Good cheer to all! (Save those who failed, because they shall forge another link of failure upon their chain of life to burden their soul in the afterlife.) This week was a pleasure to read, and I don't know of a single story that I disliked or found uninteresting. You guys are getting off your game, so I expect you all to put some extra suck on it this coming year. Anyone who is interested to get further in depth, just ask on discord, and I'll be happy to discuss.

Brotherly
I’m intrigued by the piece because it’s so rare that we see a protagonist that’s being seduced and succumbs to the system instead of struggling against it. The ideas of having weird War-on-Christmas extremists who have esoteric ornament bombs and child-to-elf conversion therapy is dark, but funny. I think my biggest criticism is that Mel ends up being cast as the “stereotypical nag” in this. For a person who apparently has a close connection with the main character, she needs to be a little more than a foil and a scold. Still, I liked this, it was imaginative and unique.

Barnaby Profane
gently caress if this story doesn’t have my number. There’s a few clunky sentences here and there, but this is my kind of cosmic horror holiday tale. It’s just downright creepy, and don’t like it because I love it. I’m really loathe to hand off a nearly back-to-back TD victory, but this is going to be the piece to beat this week. If anything can be improved it’s just tweaking the prose here or there for effect.

A Friendly Penguin
A sweet story with lots of action. The kinetics are strong here, but some of the internal monologue bits during the action come off as clunky. The resolution of what to do with Santa seemed a little weak and killed some of my suspension of disbelief. It felt sort of like you’d written yourself into a corner, and you took a quick and easy way out. It took a little wind out of the otherwise sweet and uplifting ending.

flerp
This one is just a gigantic ‘oof’ and that’s real good. The character and voice work is excellent. On top of that, it’s just a kick in the gut at the end, and it gives the story some serious weight for having a very silly premise.

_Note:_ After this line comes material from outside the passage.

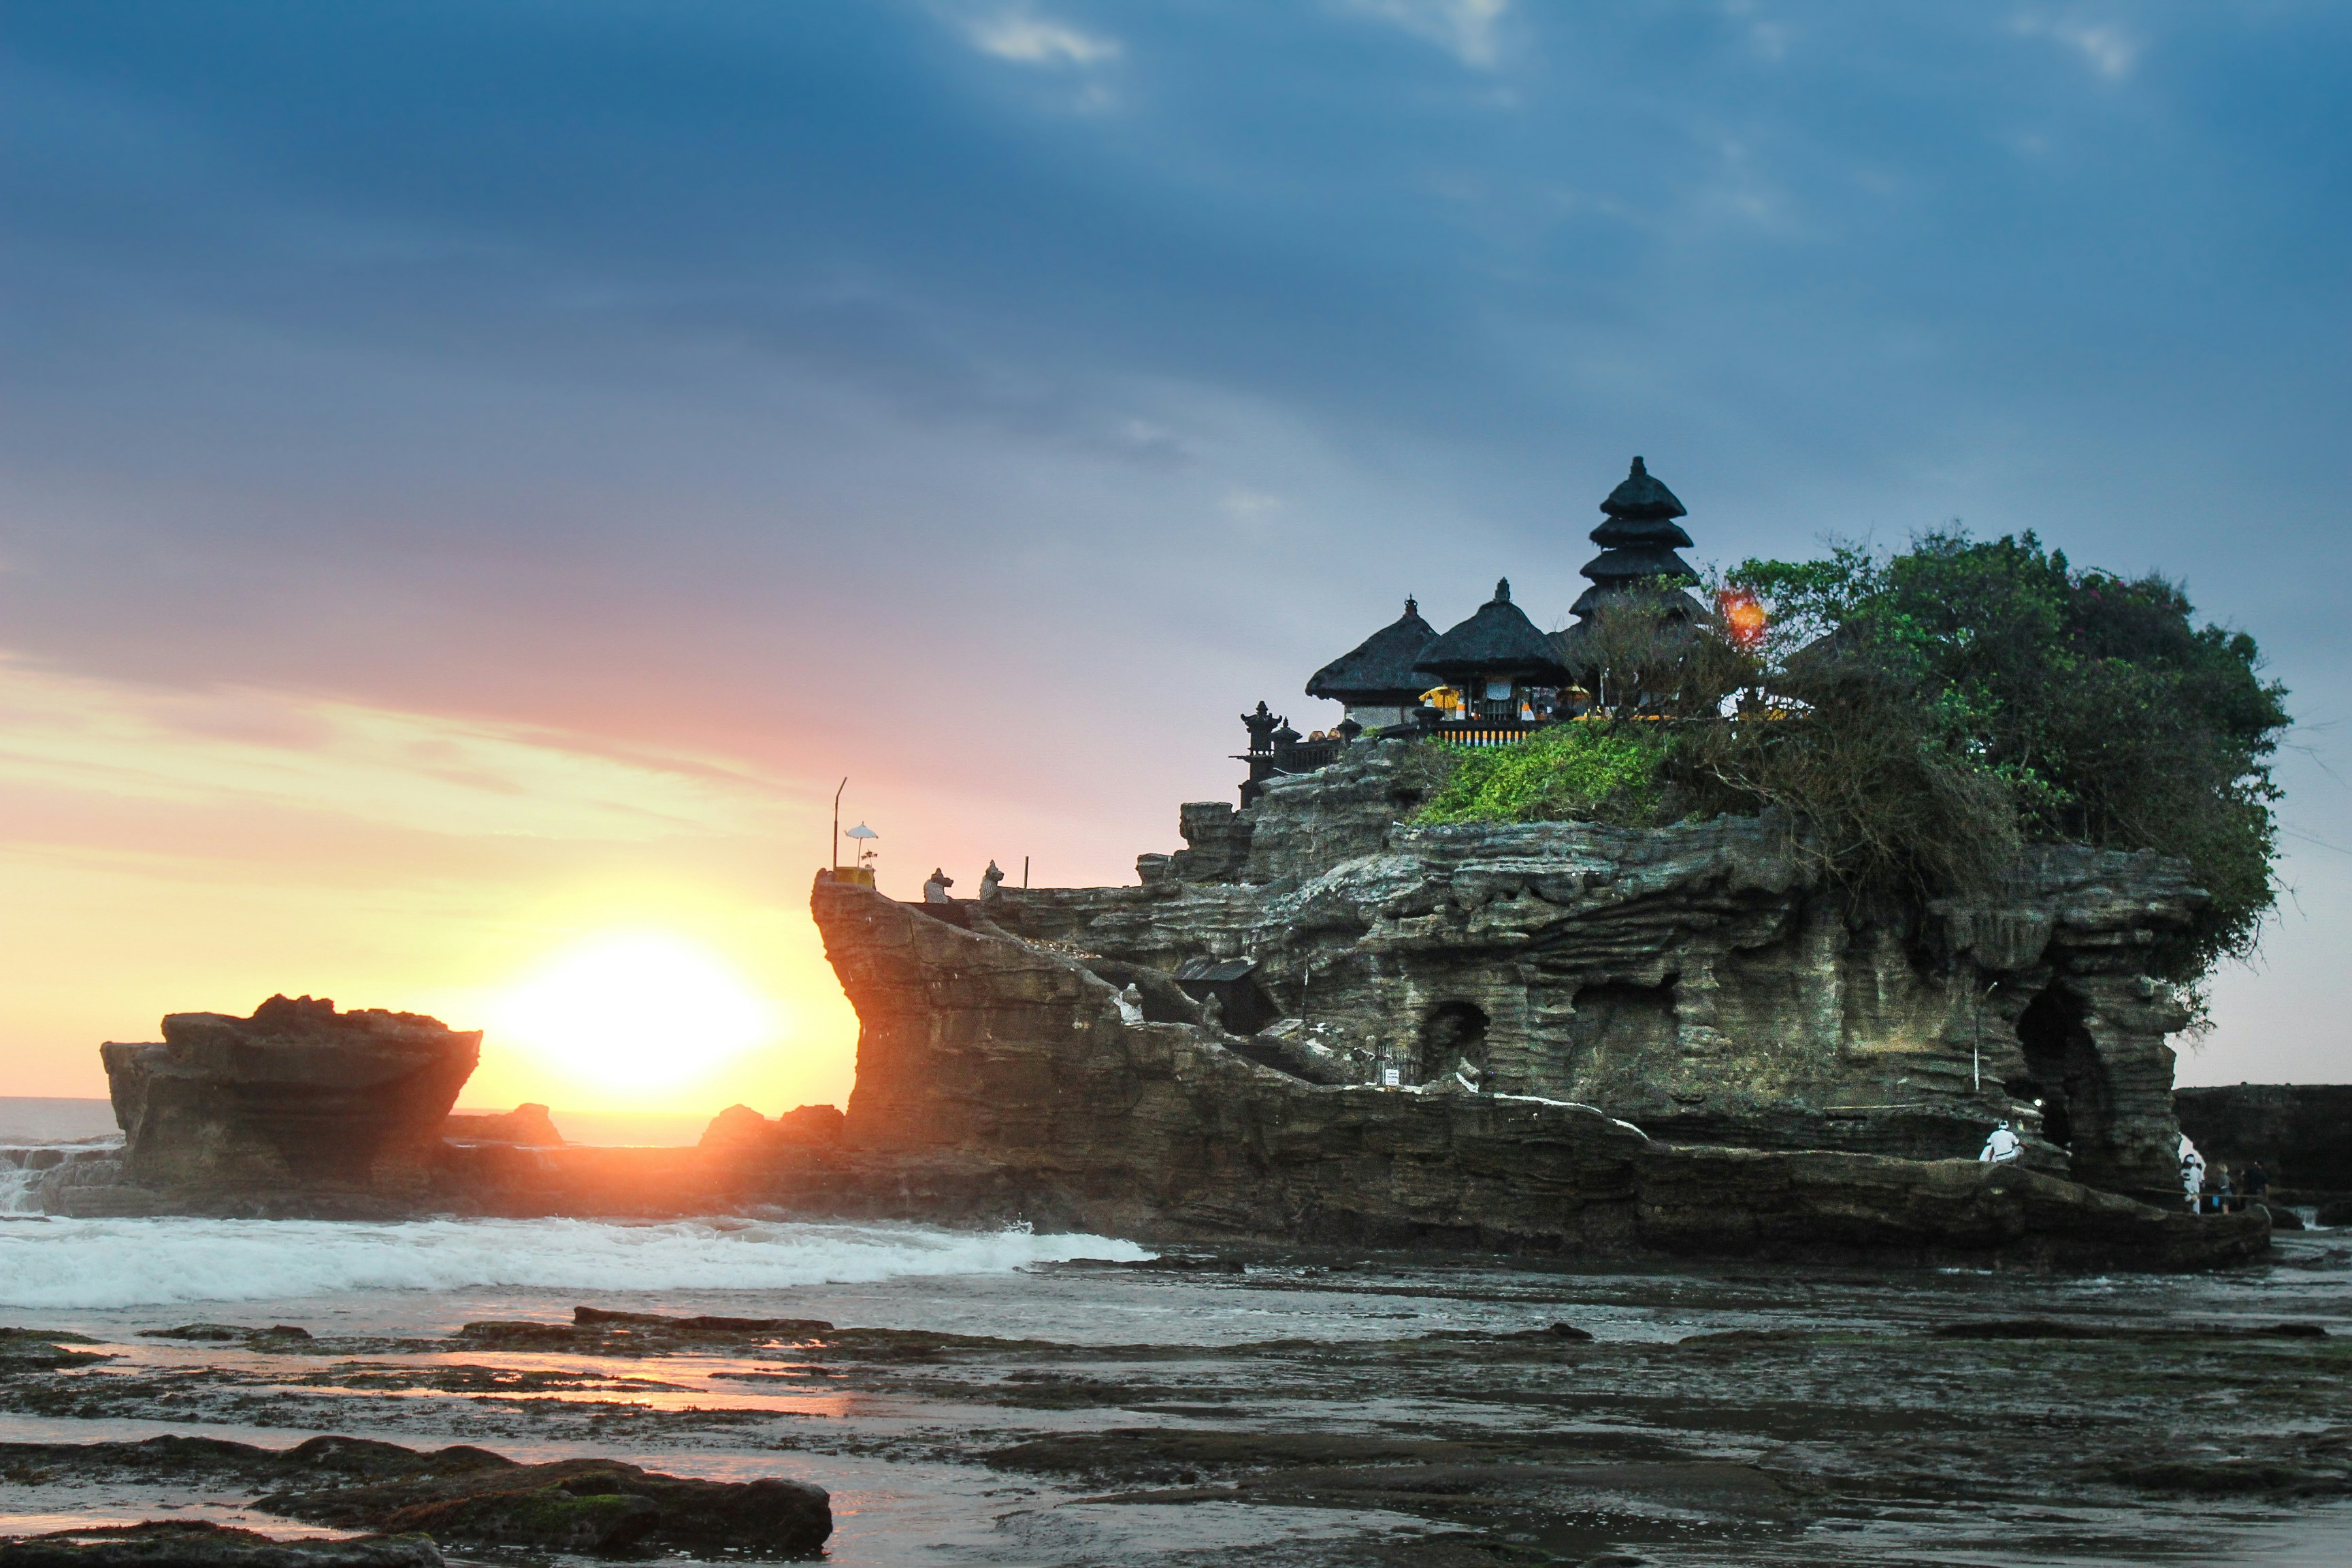 This was a temple in Bali well known for the sunset’s it can produce and trust me I was not the only person snapping this moment on their camera, If anything I wish I could go back to the location and try again but I tried multiple angle’s before getting this shot which I believe to be the best of my capabilities.

The prose is generally good, but it does falter here and there, especially when describing the dead body of Claus. It feels like you gets close to the grim reality, but always ends up being off the mark just enough to be uncanny. If you need help describing a dead person in the future, just ask. On the whole, one of my favorites this week, if not my favorite overall.

Thranguy
This one was a roll of the die, and it was neither a 1 nor a 20. The format let you try and tell an expansive story with some serious word economy, using the conceit of an advent calendar to open little windows into the larger story as it went on. But that was a double edged sword, because while there was sort of a “main story” there was also a LOT of loose end stuff that might have made sense to you, but ended up feeling really disjointed to me as a reader. That’s not to say that it wasn’t an interesting read, because it’s not often that I get to have a look at something that is mechanically distinct from nearly any other short story I’ve ever read.

Flesnolk
You avoided a fail, and that means you’re a winner! Well, probably you haven’t won this competition, but you did better than the jerks that signed up and then just shrugged and drank their eggnog instead of touching a computer to entertain their fellow goons. As far as specific crit goes, the story actually starts off with a promising premise—a device that blurs everything together. It just kind of falls apart after the first paragraph, as you well know. For further crit, you can contact me on discord, or take it up with the machine elves in hyperspace.

Yoruichi
It’s a Christmas miracle! Part 3! And it's even sort of a resolution at that. Overall it was proper silly end to the War on Christmas series that’s progressed over the past few weeks. If it had to stand on its own it would be pretty weird and incomprehensible, but taking it as the third in the trilogy meant that I could just put my feet up and giggle and feel “in” on the joke. In that context, I think the only thing that really hurt it was the occasional run-on sentence and some comma overuse. I hope this gets archived with the other two as a “classic.”